亡國の孤城 ~フェンネル・六年戦争~
とにかくクライブの後ろに付いてまわっていないと不安で仕方無かった。

幼いトウェインにはほとんど無関心で、無言で歩いて行くクライブ。

その隣りに頑張って追い付き、ぶらりと垂れ下がった大きな手を握る。
けれども彼に反応は無い。
良くは思っていないかもしれないが、嫌そうでもない。

まるで一緒に歩く親子の様な光景が毎日見られた。




トウェインはその時、彼の腰に添えられた剣を見たことがある。

国家騎士団の紋章が刻まれた長剣。
そして…………薄汚れた古い短剣。

錆だらけの鞘には、小さな焼印の文字が記されていたのだ。

こびりついた錆に覆われてよく見えなかったが………最初の方だけは………。












「……………『ユリアクロウ』…………そうあった。

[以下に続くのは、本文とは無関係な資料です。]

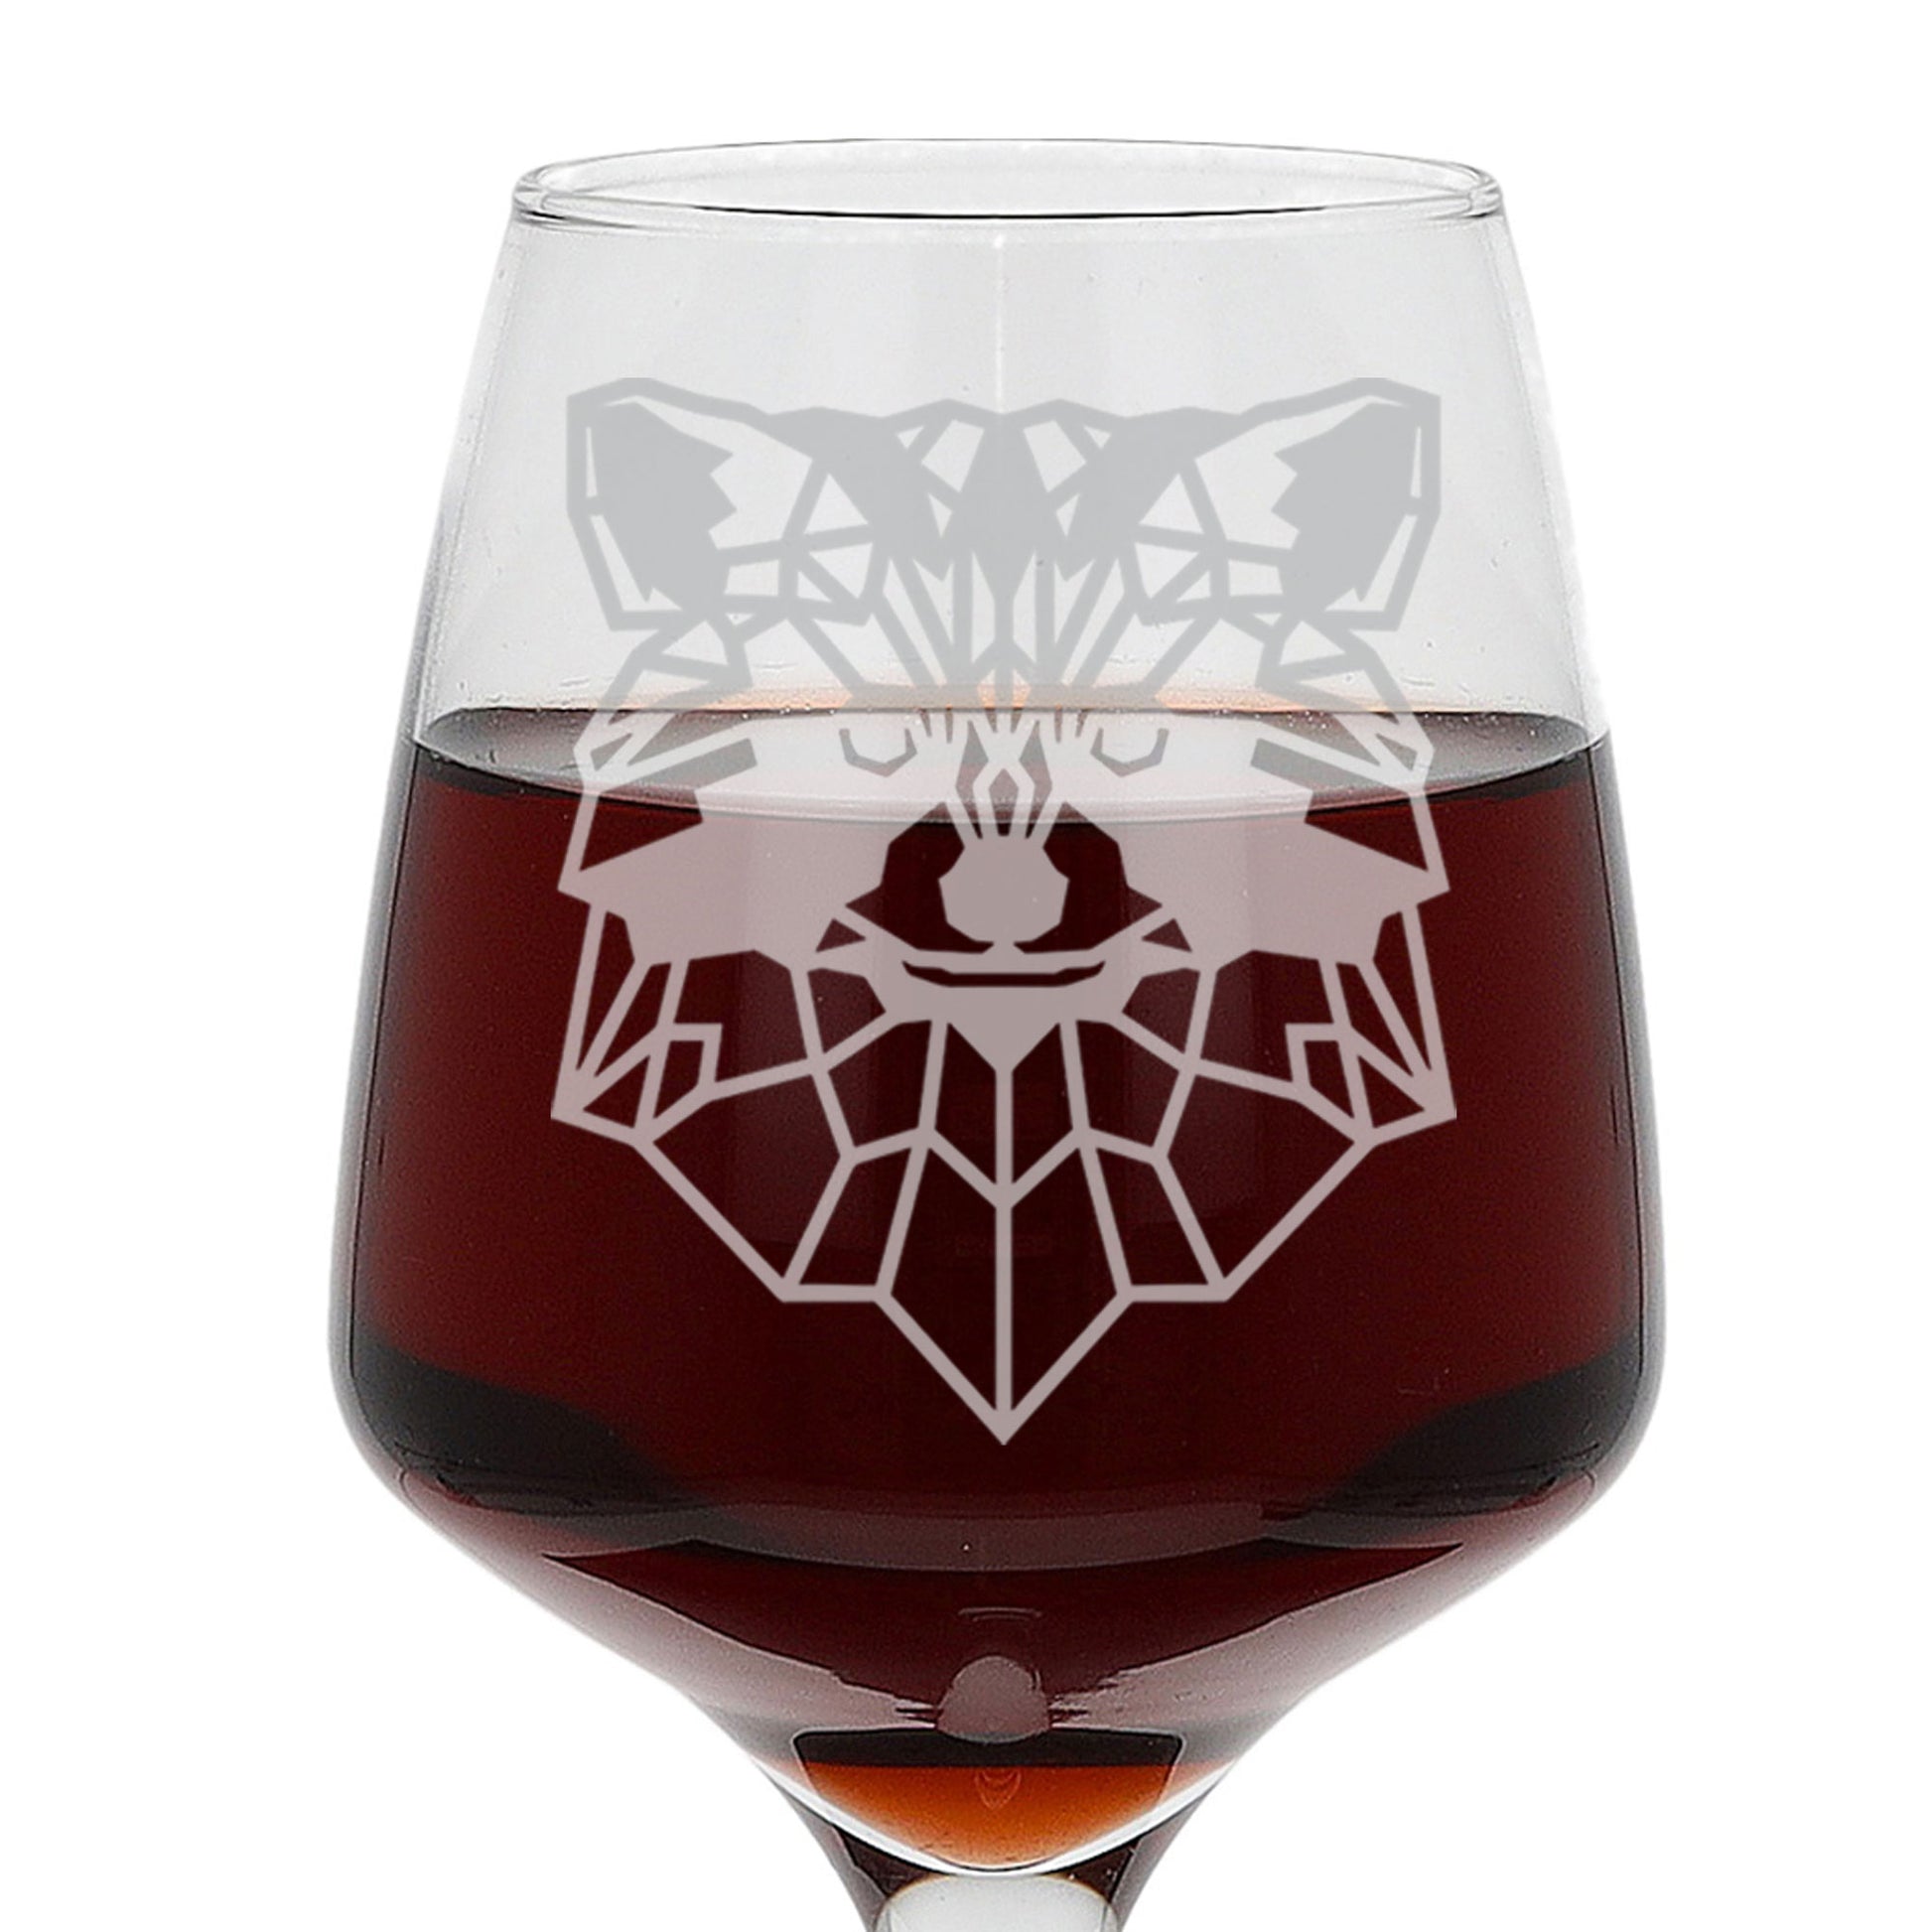 Raccoon Engraved Wine Glass  - Always Looking Good -

………多分、名前だったと思うのだが…」







―――『ユリアクロウ』






その名前は、妙にアレクセイの脳裏に引っ掛かってきた。

……はて。………聞き覚えのある様な…………………何だったか……。



あらゆる面から記憶を辿っても、『ユリアクロウ』には繋がらない。

………しかし、ぼんやりとした奇妙な存在感が、その名を覆っているのだ。



………調べてみる価値はありそうだ。